SW: The company was good.
CEW: What was the most difficult challenge you have faced in your sailing career?
SW: That came when the forestay broke, about four hundred and fifty miles north of Bermuda…I was holding onto it at the time, and it could have killed me, but I was lucky. I managed to repair it and finished the race.
CEW: Your love for the water and yachting is reflected in your work. Do you still spend much time on the water?
SW: I sail on other people’s boats, when asked, and my small motorboat is for sale, in Florida.
CEW: After Blue Water, Green Skipper, you finished your first novel, Chiefs. What was the most difficult aspect of writing this novel?
SW: The most difficult aspect of writing Chiefs was to finish it. It took me eight years. After that, I gained confidence, and now I write two books a year.
CEW: Please tell us about your writing habits: do you write everyday, do you use the computer, do you always write in the same location or do you take a laptop everywhere you go etc.?

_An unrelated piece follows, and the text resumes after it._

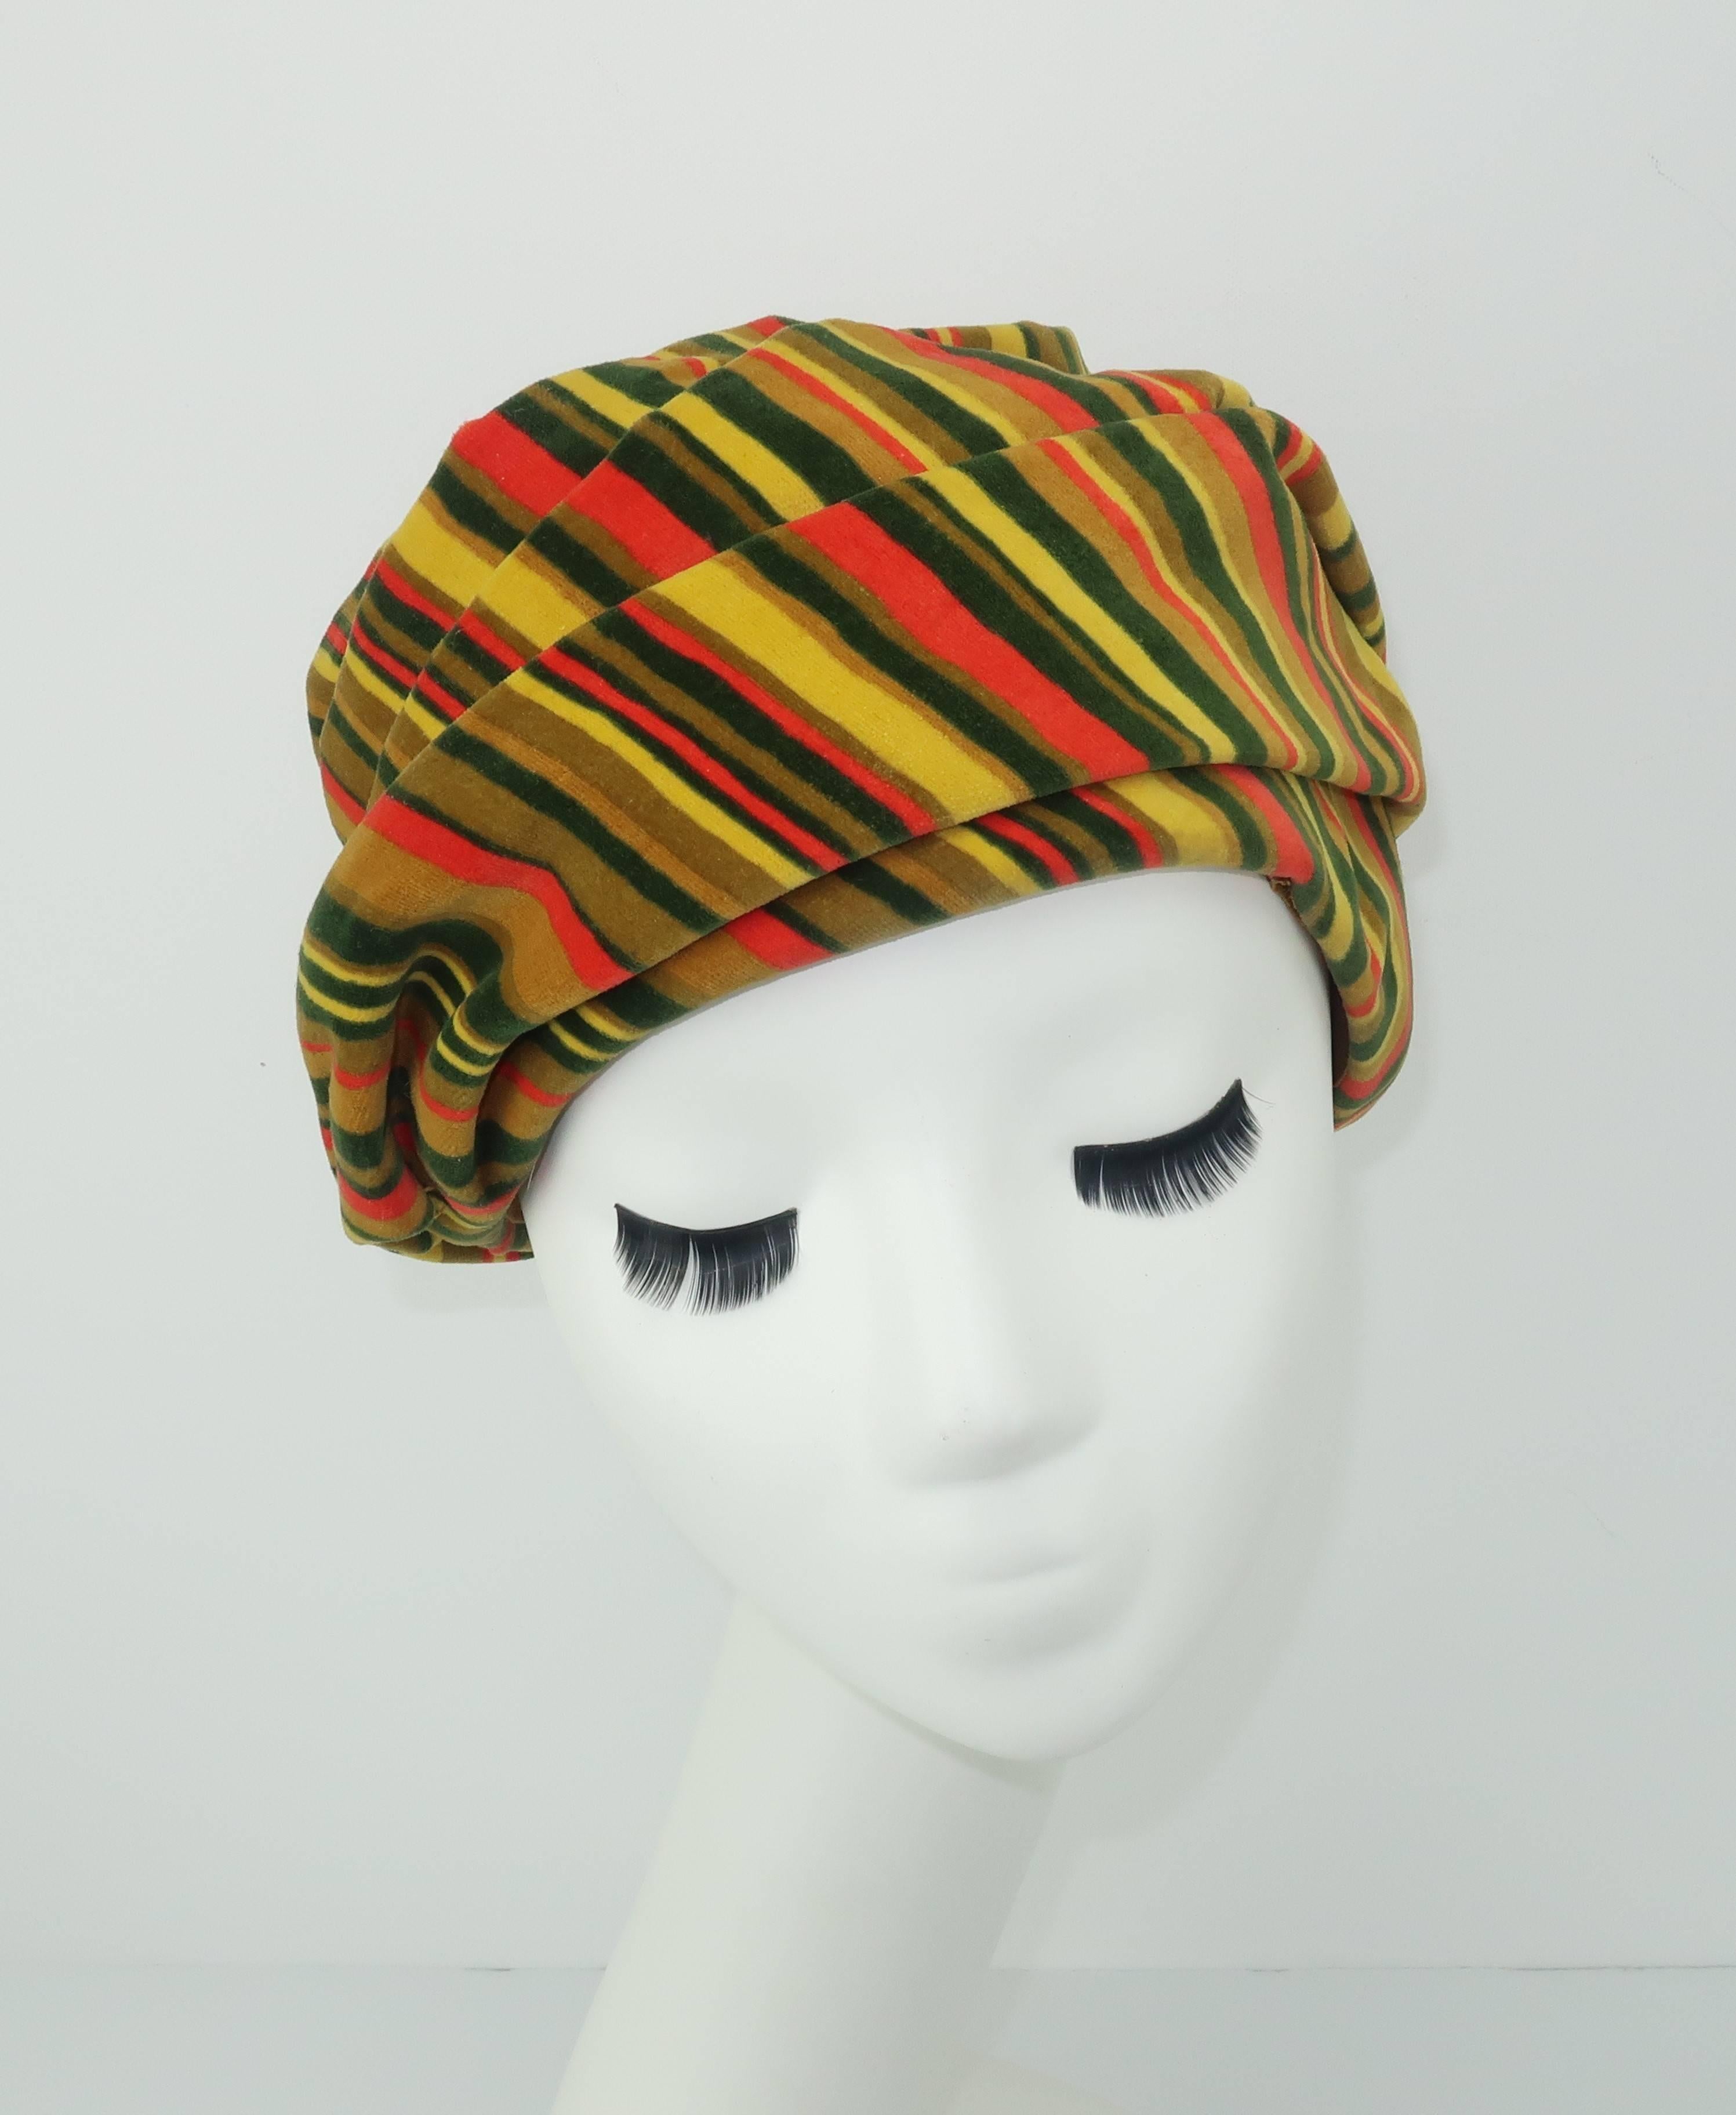 This C.1960 hat by Ken Blair is fabricated from a lush striped velvet in shades of green, yellow and orange.  It is a turban style silhouette expertly folded and stitched into an exotic swirl that is most evident at the crown which takes on the look

SW: I usually write a chapter—five to ten pages—at a sitting, which usually comes at mid-afternoon and takes under two hours. First, I re-read the previous day’s work and make small corrections, and that gets me into the new chapter. Near the end of a book, I tend to write two chapters a day, one in the morning, and one in the afternoon. I write wherever I am, and I take a laptop when I travel while writing a book.
CEW: You are known for being a master of creating suspense in a novel. What techniques do you use when plotting to achieve that timing of the suspense and action which keeps the reader eager to turn the page to see what happens next?